(Image by Gemini AI)

In my previous blog post I introduced the Reverse Vibe-Coding proto-manifesto. My post was a relatively high level overview of the proposed workflow that close to reverses the human/AI worksplit in order to come to a solid workflow that is suitable for full product lifecycle production grade product development, geared to product-lifetime productivity, not quick prototyping.

While there actually is some vibe-coding in reverse vibe-coding (mainly for experiments and learning), and while core business logic is hand-coded with a strong focus on maintainability and the DRY principle, in full-lifetime development, refactoring is a huge part of the total development, and a place where the proposed RVC workflow has its actual AI backbone.

A backbone that revives a merge-based git workflow and rather than the ambiguous rebased blob commits now common in many AI assisted and vibe-coding workflows, a git history with complete provenance again, differentiating sharply between human contributions and contributions by AI.

In this post I want to dive into this backbone. All at a conceptual level, but at a deeper more technical conceptual level than what I outlined in the proto-manifesto.
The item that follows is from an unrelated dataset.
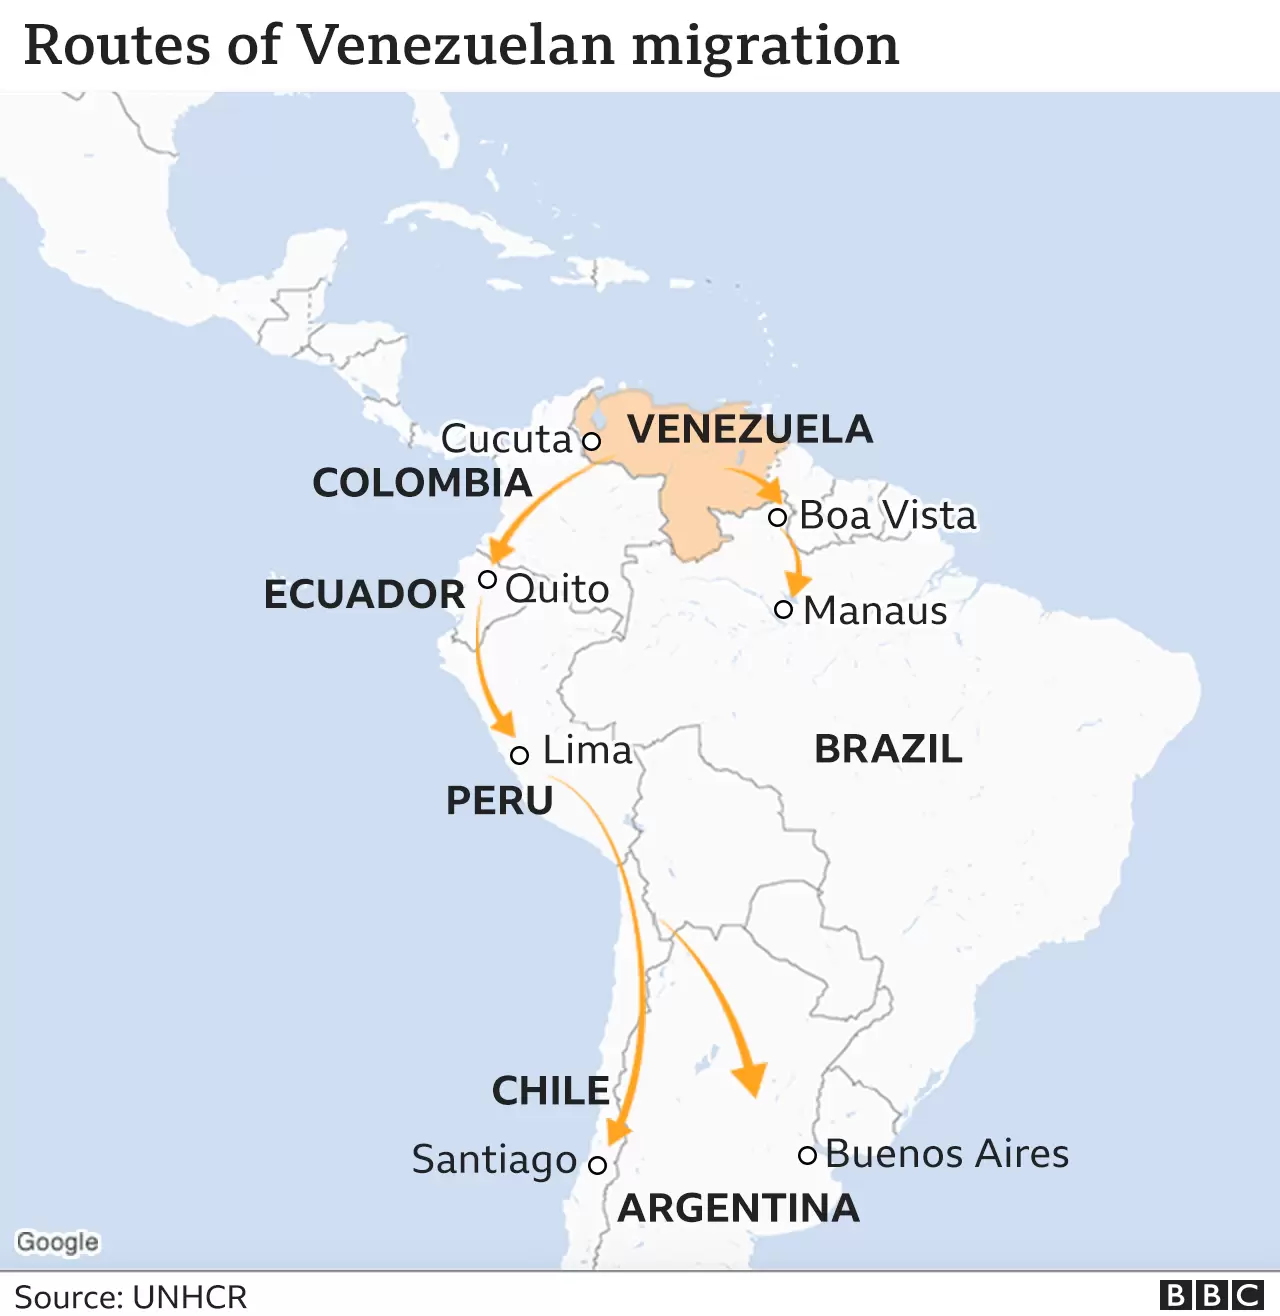 Venezuela crisis: 7.1m Venezuela migrants have fled the country since 2015 - Asiana Times

Note that while this post outlines the refactor workflow, the workflow for scaffolding and boilerplate are very similar in most aspects, but to keep maximum clarity in this blog post, we only look at the refactoring workflow.

Prompt -> prompt-template -> parallel templates -> DSL

Prompting a LLM or SLM in English is great for tasks that explore novel approaches, but as you use a particular model for a while, you find wordings that work significantly better than other prompts. After having had a few reproducibility incidents when you have forgotten the proper wording, many developers start collecting those really prompts. When doing similar tasks having looked up old prompts in your collection, a lightbulb moment often occurs, that, hey, what if I turned this prompt into a template. So now instead of English we are prompting with what is basically a bit of code doing a template invocation that creates the prompt.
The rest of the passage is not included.